◆ WORK TASK: Reproduce the data below in full and exclude every picture.

◆ PROVIDED MATERIAL:
----
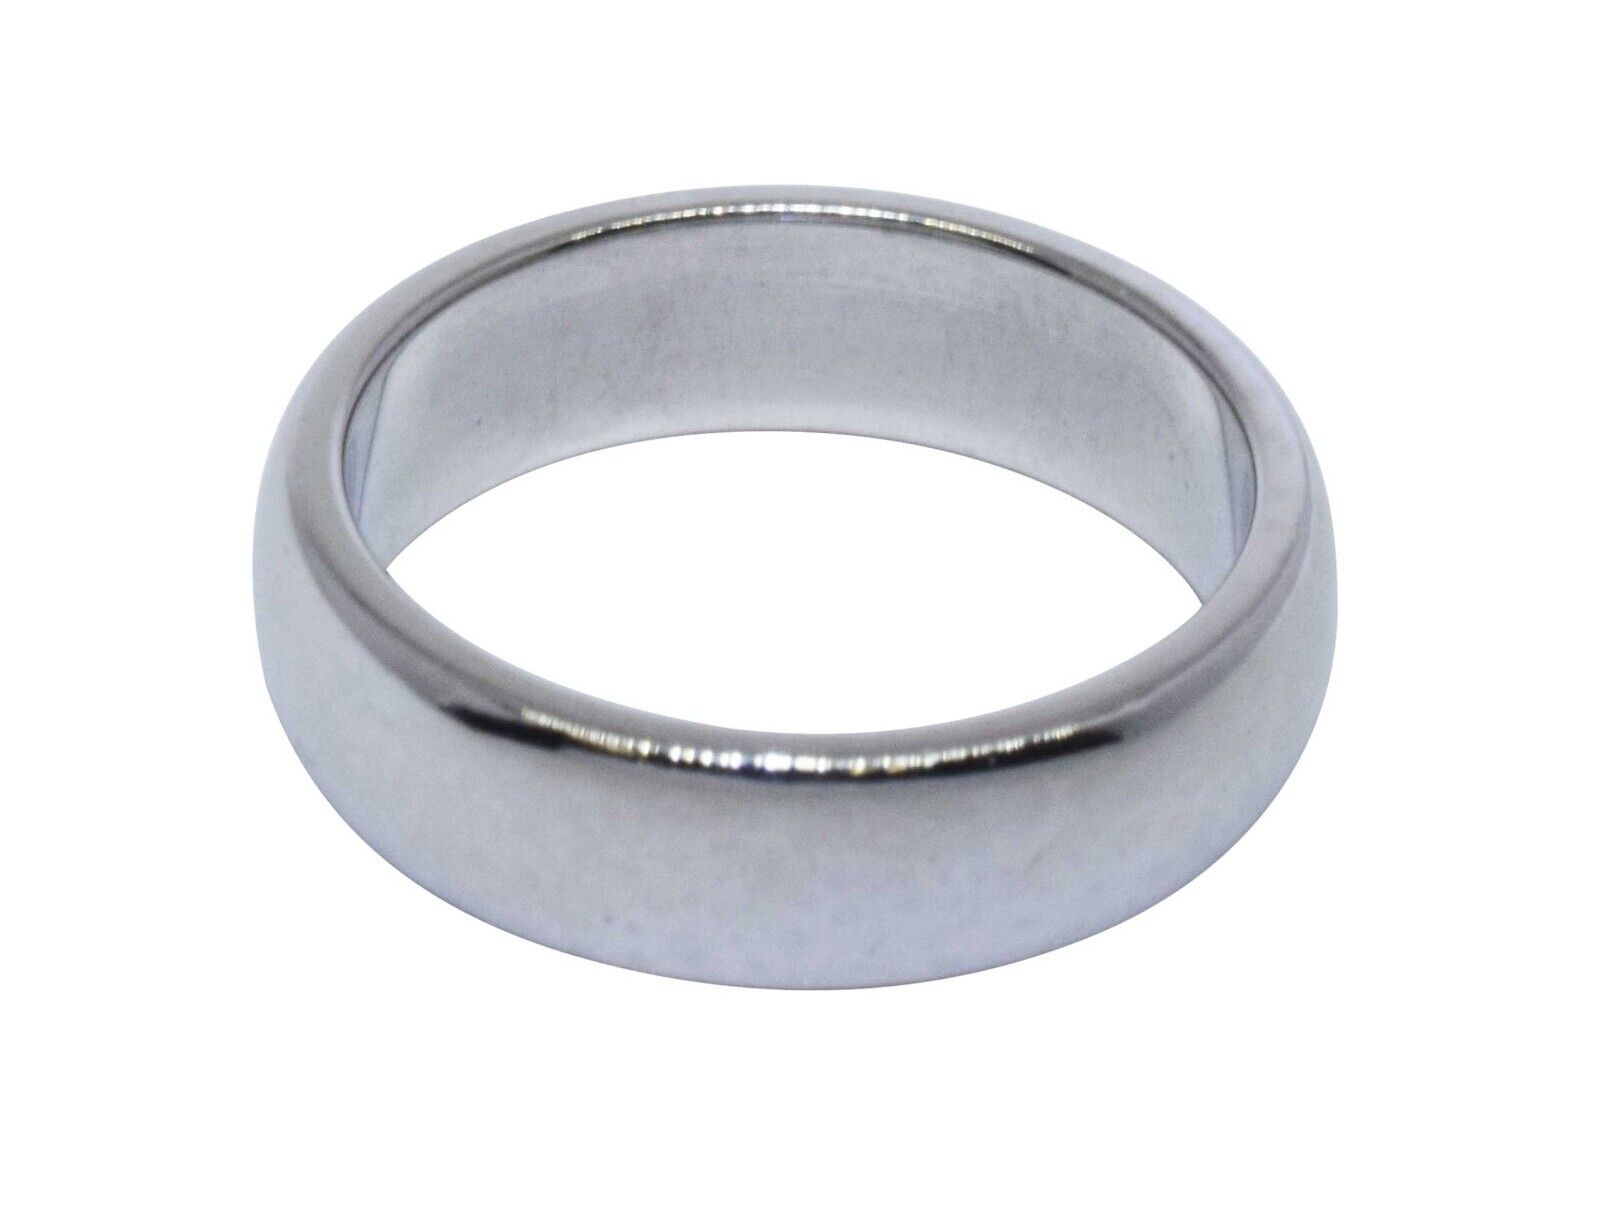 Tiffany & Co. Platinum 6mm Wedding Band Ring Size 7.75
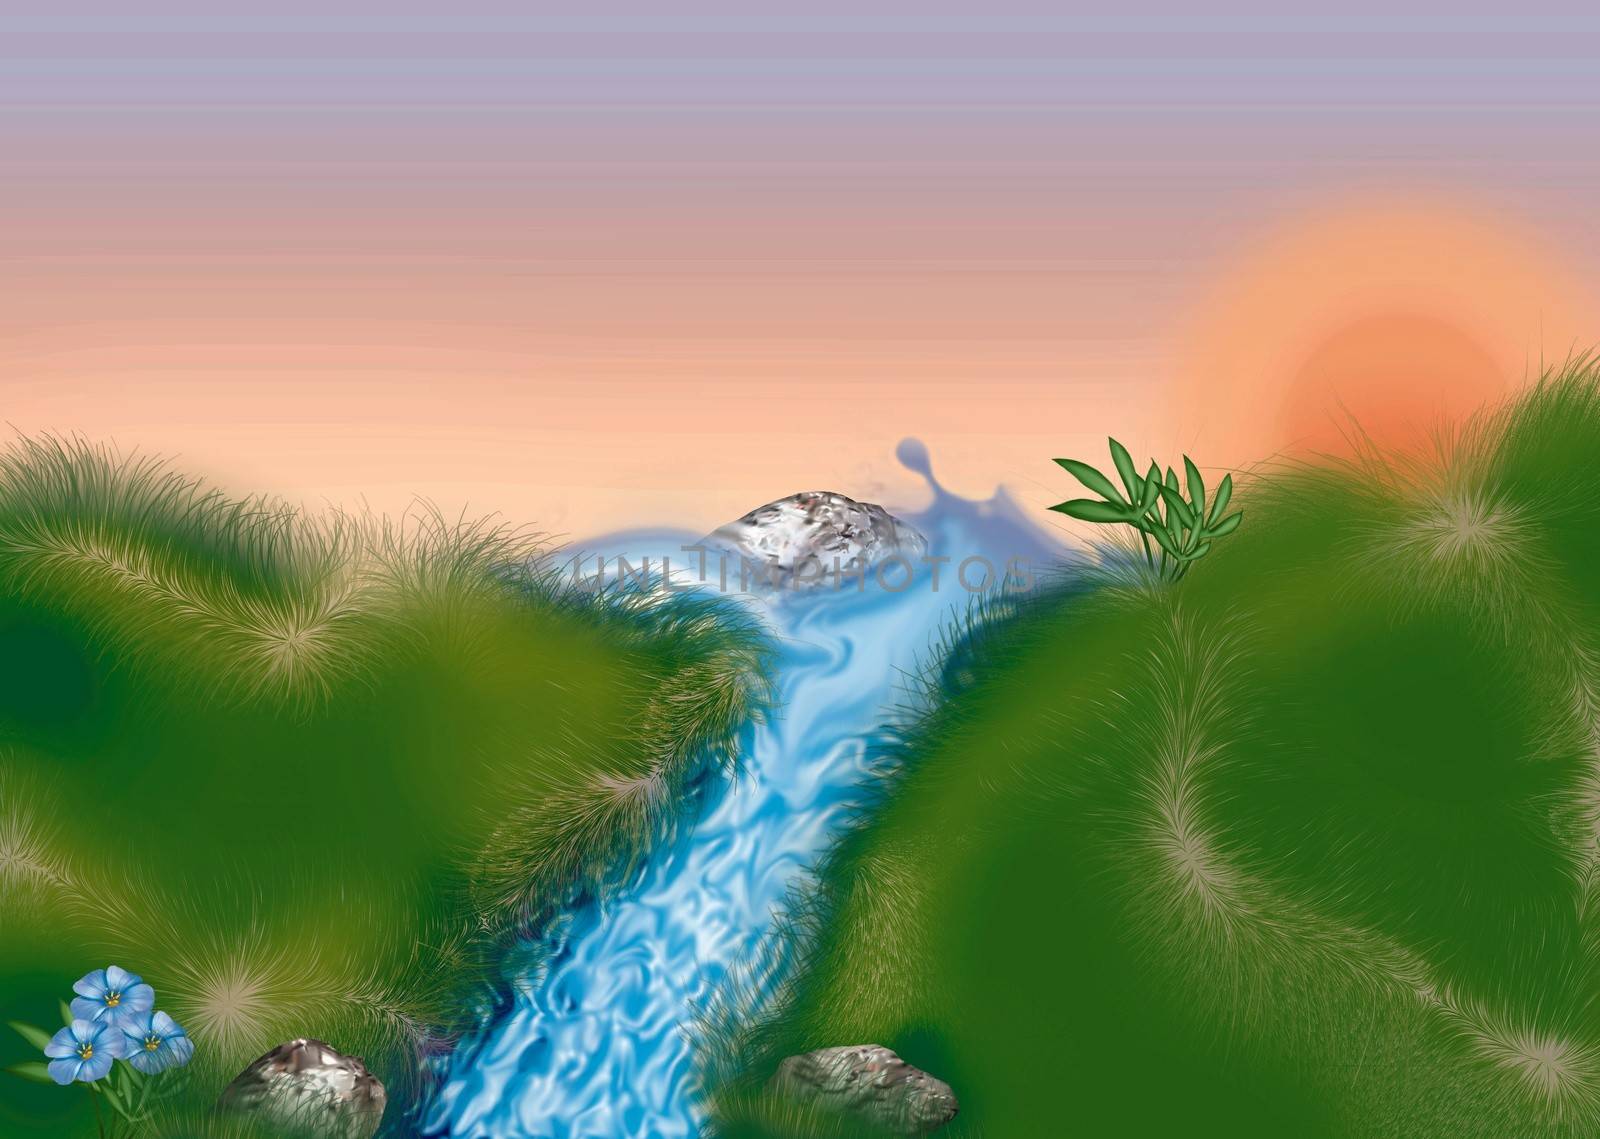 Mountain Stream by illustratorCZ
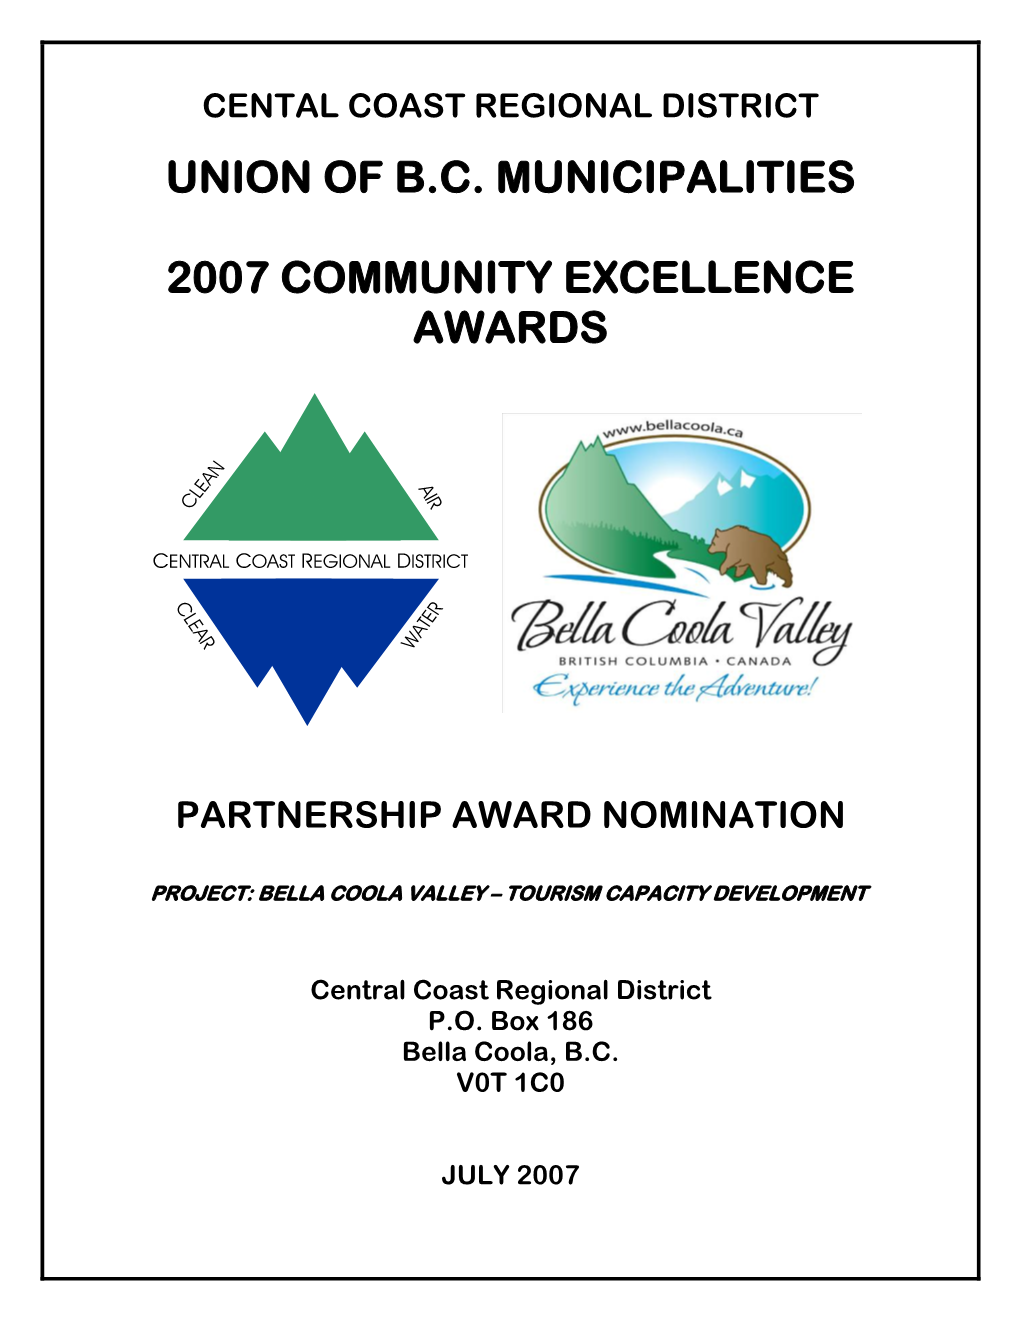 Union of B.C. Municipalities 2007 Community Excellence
----
◆ WRITTEN ANSWER:
 Tiffany & Co. Platinum 6mm Wedding Band Ring Size 7.75
 Mountain Stream by illustratorCZ
 Union of B.C. Municipalities 2007 Community Excellence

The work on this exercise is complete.